Risk Transmission Network, Countdown of a Time Bomb
The bill lays down three structural risks:
First Layer: US Treasury - Stablecoin Death Spiral. If users collectively redeem USDT, Tether must sell US Treasuries for cash → US Treasury prices plummet → other stablecoin reserves depreciate → complete collapse. In 2022, USDT briefly lost its peg due to market panic, and similar events in the future may impact the US Treasury market as the scale expands.
Layer Two: The amplification of risks in decentralized finance. After stablecoins flow into the DeFi ecosystem, they become leveraged through liquidity mining, lending, and staking operations. The Restaking mechanism allows assets to be repeatedly staked across different protocols, leading to a geometric amplification of risks. Once the value of the underlying assets plummets, it can trigger a chain reaction of liquidations.
Third Layer: Loss of independence in monetary policy. The Deutsche Bank report points out that the bill will "pressure the Federal Reserve to cut interest rates." The Trump administration indirectly obtained "printing rights" through stablecoins, which may undermine the independence of the Federal Reserve—Powell has recently rejected political pressure, suggesting that a rate cut in July is unlikely.
More troubling is that the U.S. debt-to-GDP ratio has surpassed 100%, and the credit risk of U.S. Treasury bonds is rising. If U.S. Treasury yields continue to be inverted or default expectations arise, the safe-haven properties of stablecoins will be in jeopardy.
A New Global Chessboard, On-Chain Reconstruction of Economic Order
In response to American actions, the world is forming three major camps:
• Alternative camp: In countries with high inflation, the public views stablecoins as "safe-haven assets," undermining the circulation of local currency and the effectiveness of central bank monetary policy. These countries may accelerate the development of local stablecoins or multilateral digital currency bridge projects, but they face severe trade challenges.
And the international system will also undergo changes: from unipolar to a "hybrid architecture", the current reform plan presents three pathways:
• Extreme fragmentation: If geopolitical conflicts escalate, it may lead to a split among the US dollar, euro, and BRICS currency blocs, resulting in a surge in global trade costs.
PayPal CEO Alex Chriss pointed out a key bottleneck: "From the consumer's perspective, there is currently no real incentive to drive the adoption of stablecoins." The company is launching a rewards mechanism to tackle the adoption issue, while decentralized exchanges like XBIT are addressing trust issues through smart contracts.
Deutsche Bank's report predicts that as the "Beautiful Act" is implemented, the Federal Reserve will be forced to cut interest rates, and the dollar will significantly weaken.
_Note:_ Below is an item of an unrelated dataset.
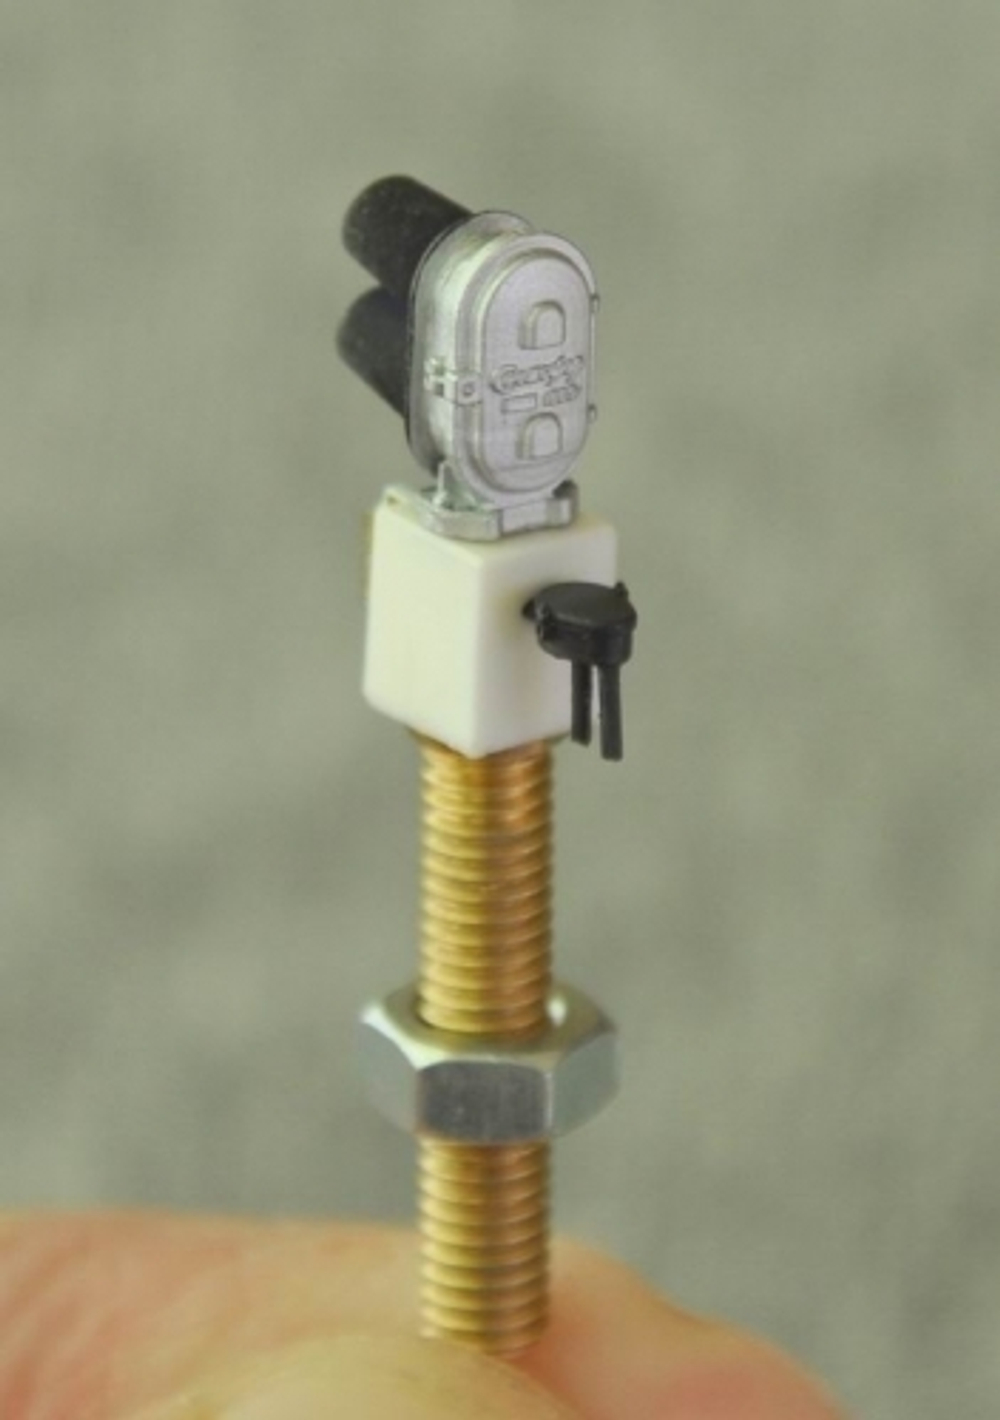 Светофор двузначный карликовый Тип БС (TT, 1:120)

By 2030, when stablecoins hold $1.2 trillion in US Treasury bonds, the global financial system may have quietly completed an on-chain reconstruction—where dollar hegemony is embedded in every transaction on the blockchain in the form of code, and risks spread to every participant through decentralized networks.
Technological innovation has never been a neutral tool. When the dollar dons the cloak of blockchain, the game of the old order is playing out on a new battlefield!